This month, Chris Lamb made the following changes:

  • Add support for Java .jmod modules (#60). However, not all versions of file(1) support detection of these files yet, so we perform a manual comparison instead [].
  • If a command fails to execute but does not print anything to standard error, try and include the first line of standard output in the message we include in the difference. This was motivated by readelf(1) returning its error messages on standard output. [#59) []
  • Add general support for file(1) 5.37 (#57) but also adjust the code to not fail in tests when, eg, we do not have sufficiently newer or older version of file(1) (#931881).
  • Factor out the ability to ignore the exit codes of zipinfo and zipinfo -v in the presence of non-standard headers. [] but only override the exit code from our special-cased calls to zipinfo(1) if they are 1 or 2 to avoid potentially masking real errors [].
  • Cease ignoring test failures in stable-backports. []
  • Add missing textual DESCRIPTION headers for .zip and “Mozilla”-optimised .zip files. []
  • Merge two overlapping environment variables into a single DIFFOSCOPE_FAIL_TESTS_ON_MISSING_TOOLS. []
  • Update some reporting:
    • Re-add “return code” noun to “Command foo exited with X” error messages. []
    • Use repr(..)-style output when printing DIFFOSCOPE_TESTS_FAIL_ON_MISSING_TOOLS in skipped test rationale text. []
    • Skip the extra newline in Output:\nfoo. []
  • Add some explicit return values to appease Pylint, etc. []
  • Also include the python3-tlsh in the Debian test dependencies. []
  • Released and uploaded releasing versions 116, 117, 118, 119 & 120. [][][][][]
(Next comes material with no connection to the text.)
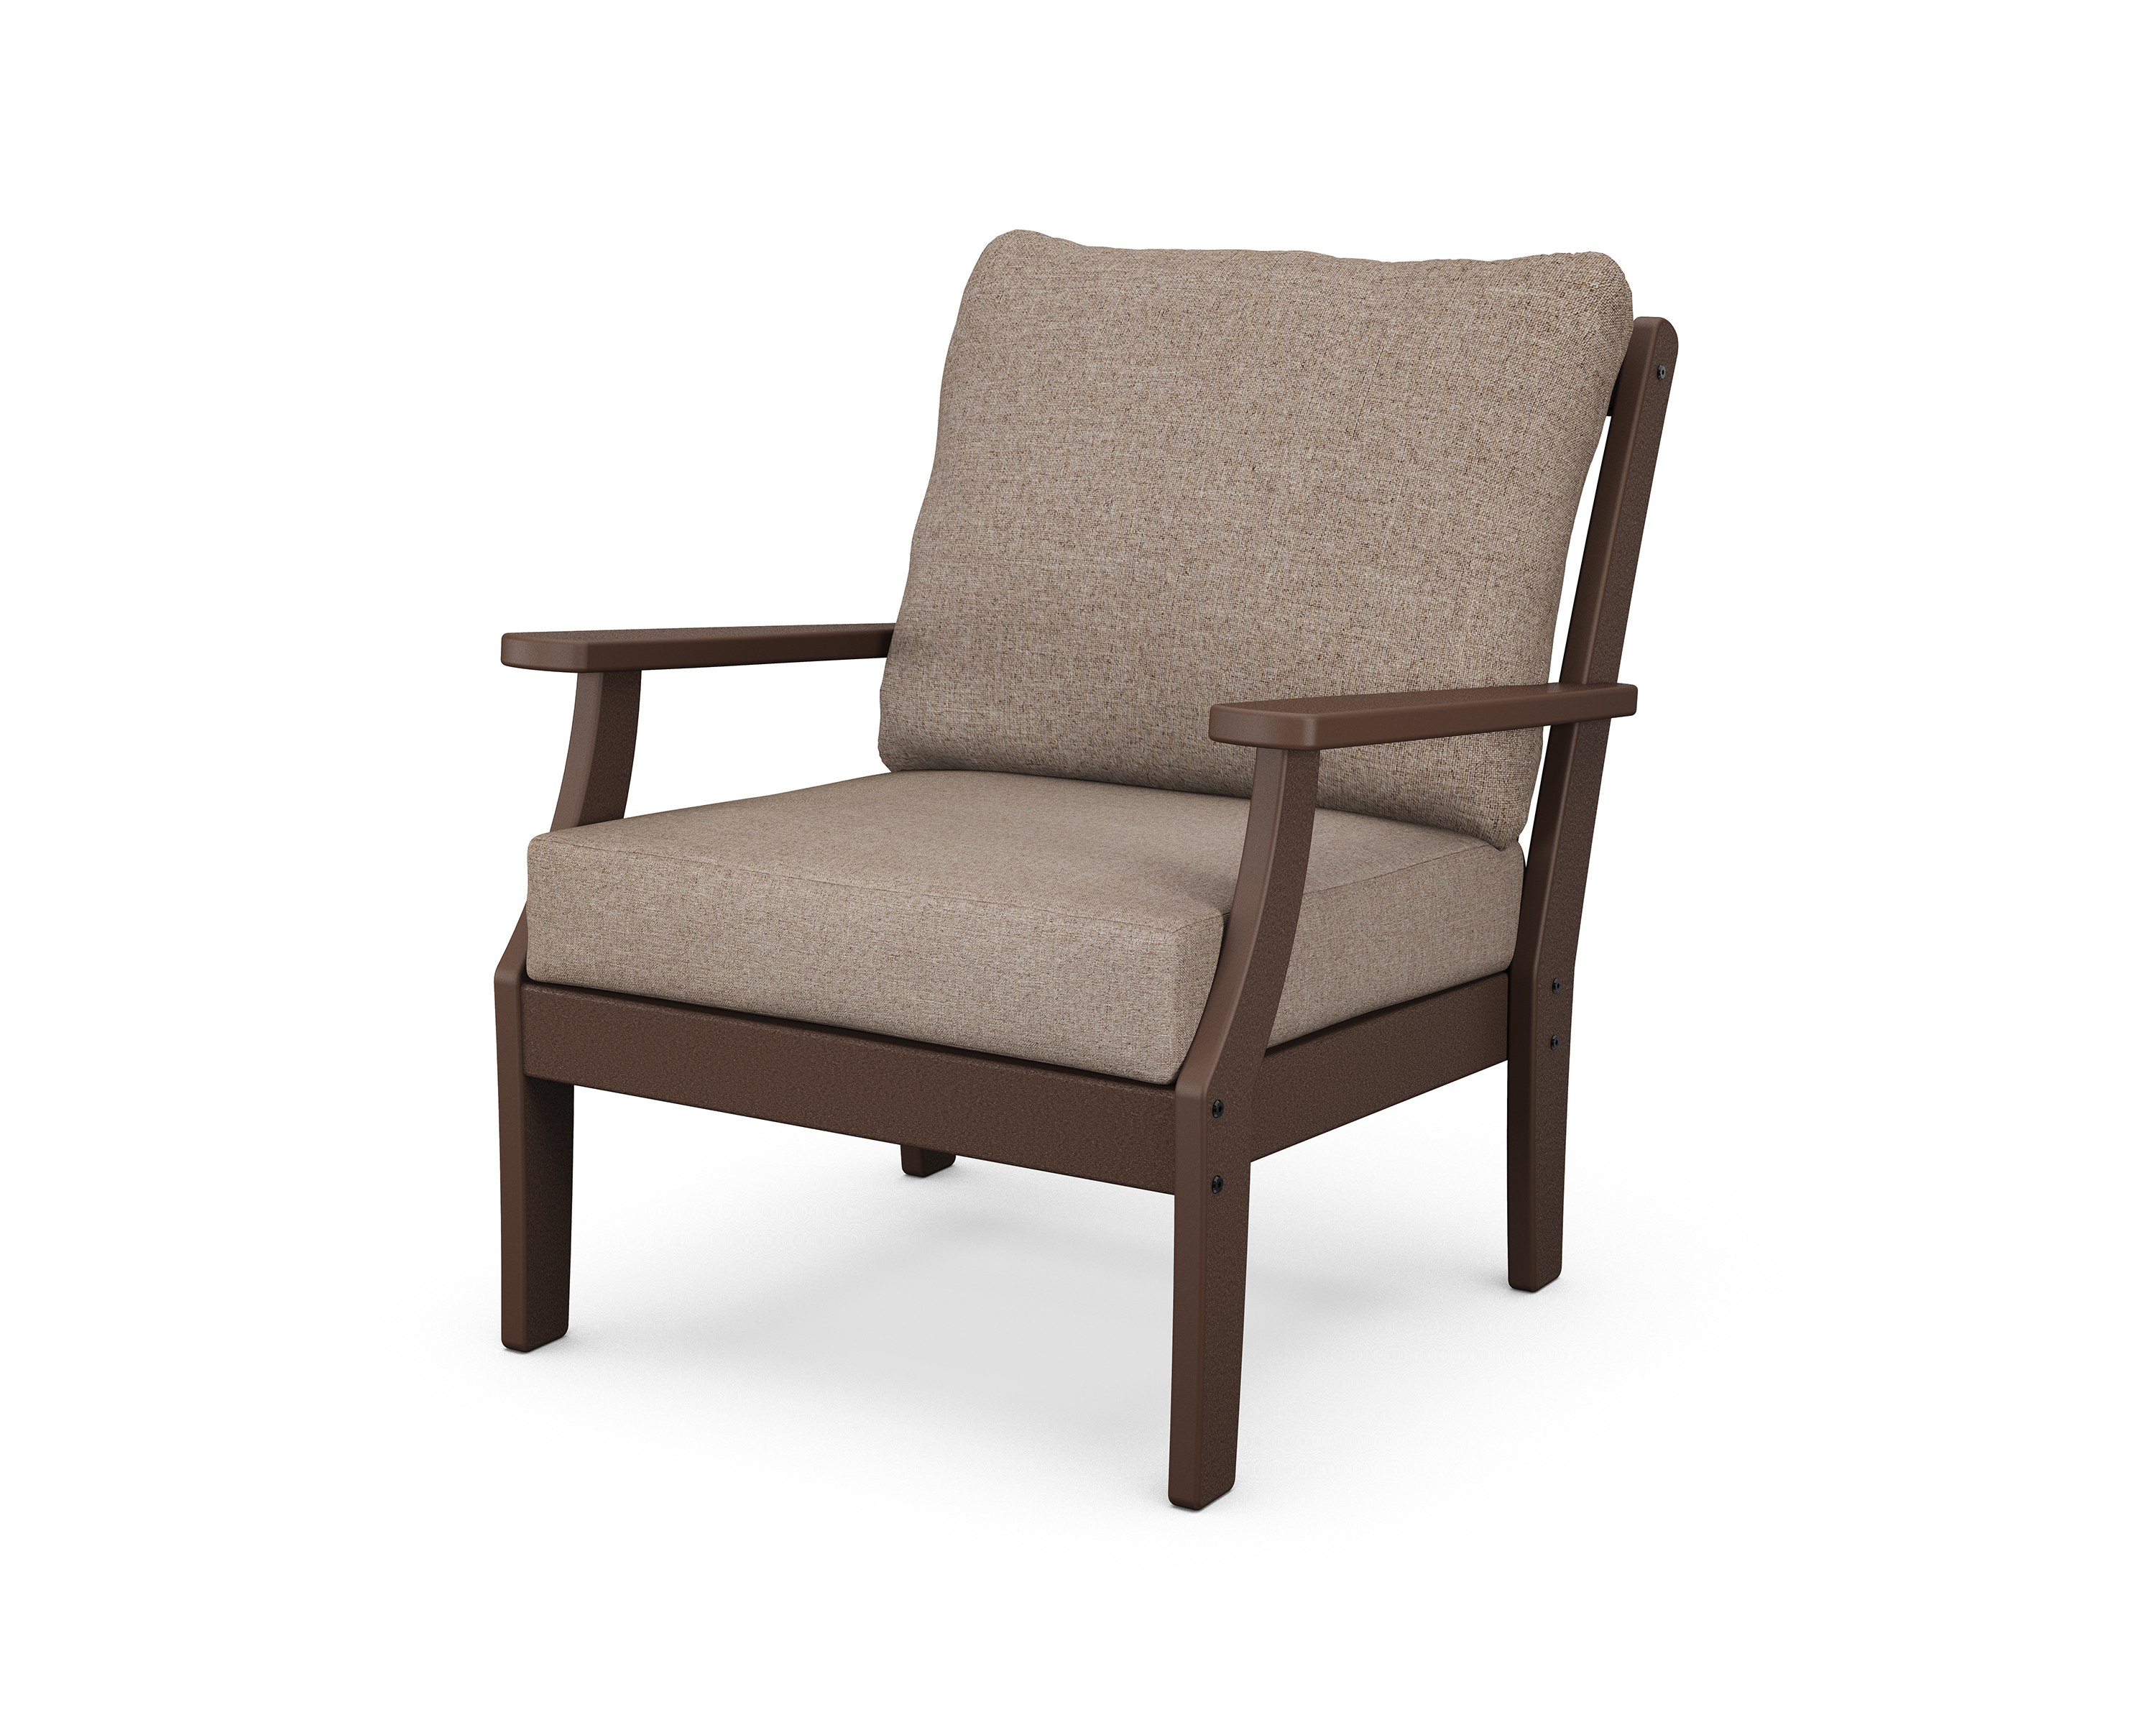 braxton deep seating chair in mahogany / spiced burlap product image

In addition, Marc Herbert provided a patch to catch failures to disassemble ELF binaries. []


Project website

There was a yet more effort put into our our website this month, including:

  • Bernhard M. Wiedemann:
    • Update multiple works to use standard (or at least consistent) terminology. []
    • Document an alternative Python snippet in the SOURCE_DATE_EPOCH examples examples. []
  • Chris Lamb:
    • Split out our non-fiscal sponsors with a description [] and make them non-display three-in-a-row [].
    • Correct references to 1&1 IONOS (née Profitbricks). []
    • Reduce ambiguity in our environment names. []
    • Recreate the badge image, saving the .svg alongside it. []
    • Update our fiscal sponsors. [][][]
    • Tidy the weekly reports section on the news page [], fixup the typography on the documentation page [] and make all headlines stand out a bit more [].
    • Drop some old CSS files and fonts. []
    • Tidy news page a bit. []
    • Fixup a number of issues in the report template and previous reports. [][][][][][]

Holger Levsen also added explanations on how to install diffoscope on OpenBSD [] and FreeBSD [] to its homepage and Arnout Engelen added a preliminary and work-in-progress idea for a badge or “shield” program for upstream projects. [][][].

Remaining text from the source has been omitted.